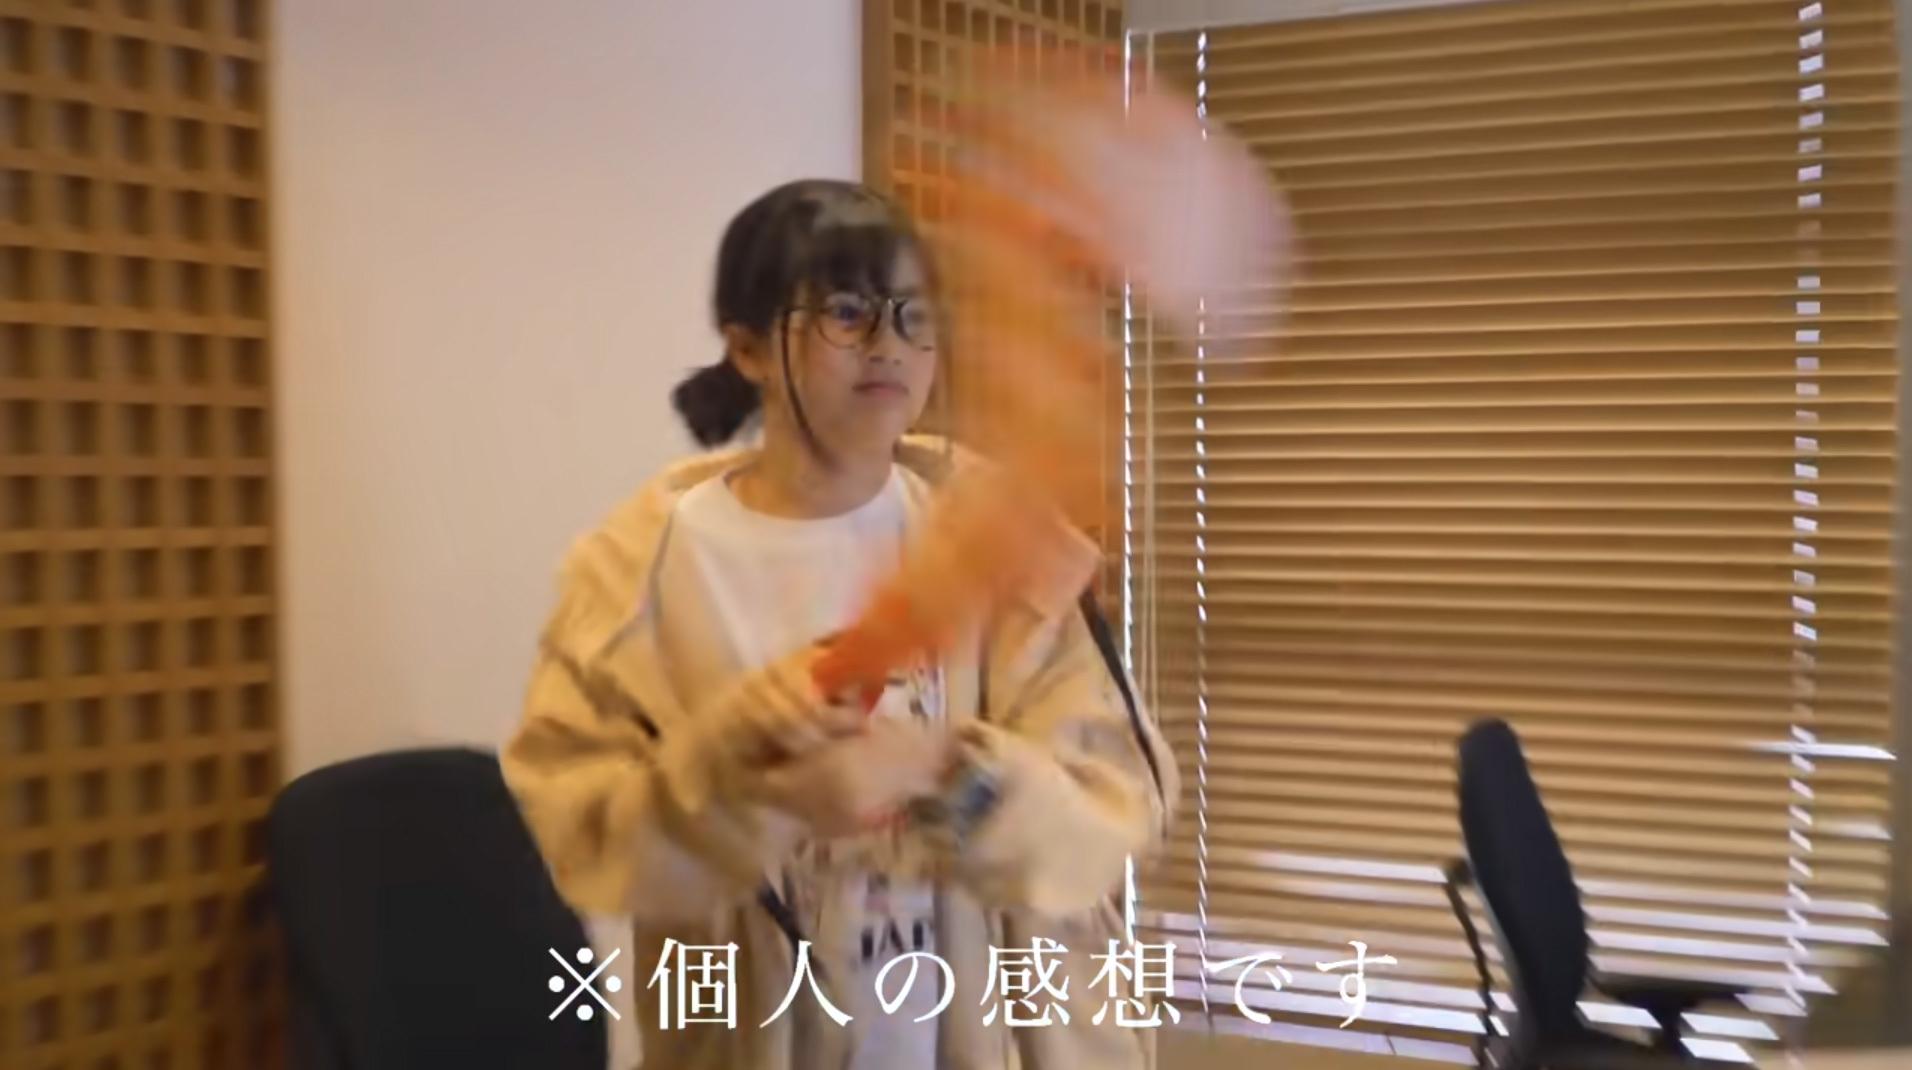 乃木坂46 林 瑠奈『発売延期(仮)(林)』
+ + + +
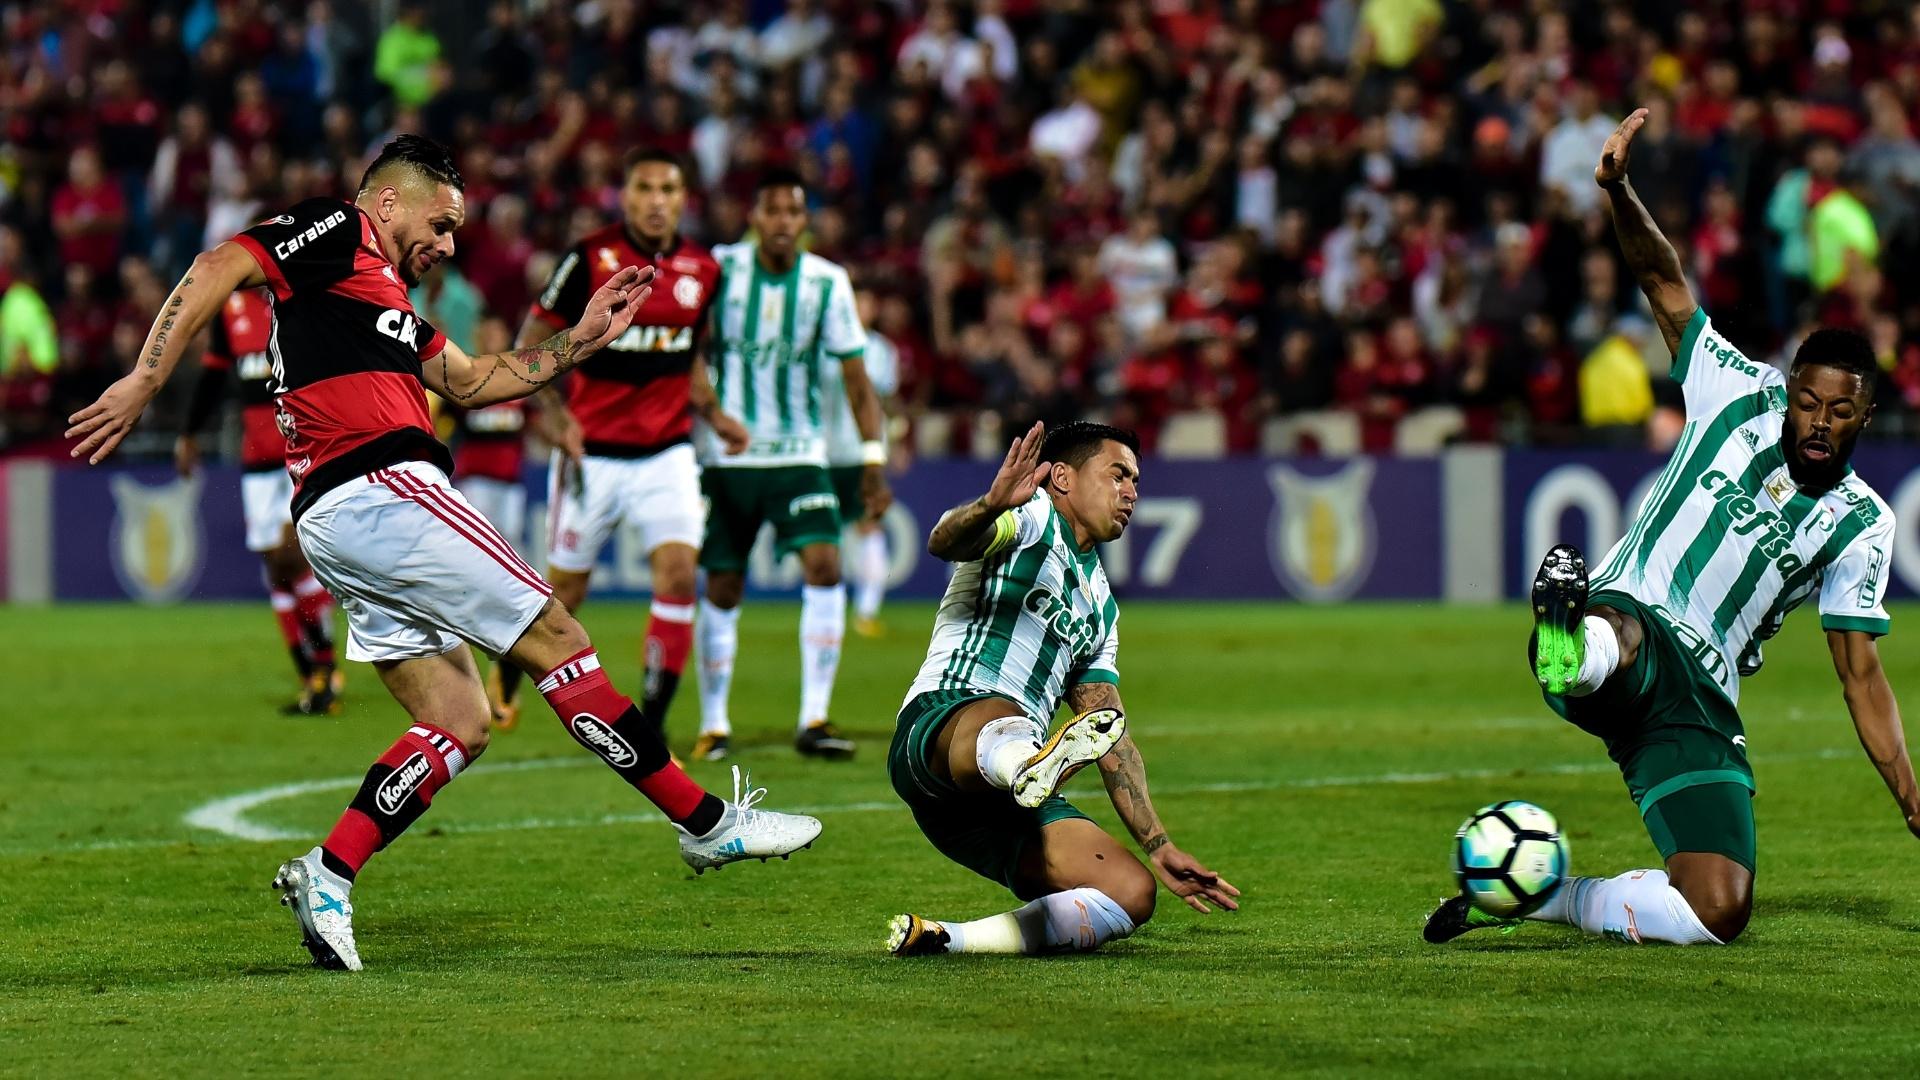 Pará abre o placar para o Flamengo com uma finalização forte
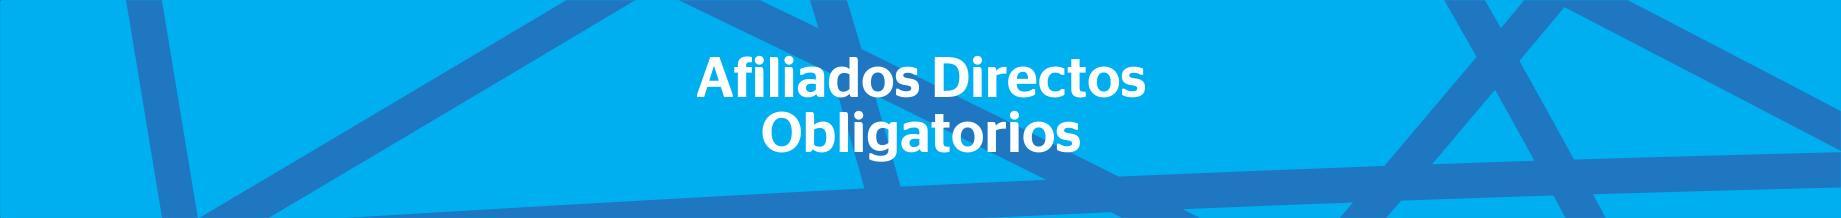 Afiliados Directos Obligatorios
+ + + +
*WORK INSTRUCTIONS:*
Among the entries above, locate the line with "Pará abre o" and the line with "Afiliados Directos Obligatorios". Give those two lines and all lines between them again, exactly, leaving out the pictures.

*WRITTEN SOLUTION:*
 Pará abre o placar para o Flamengo com uma finalização forte
 Afiliados Directos Obligatorios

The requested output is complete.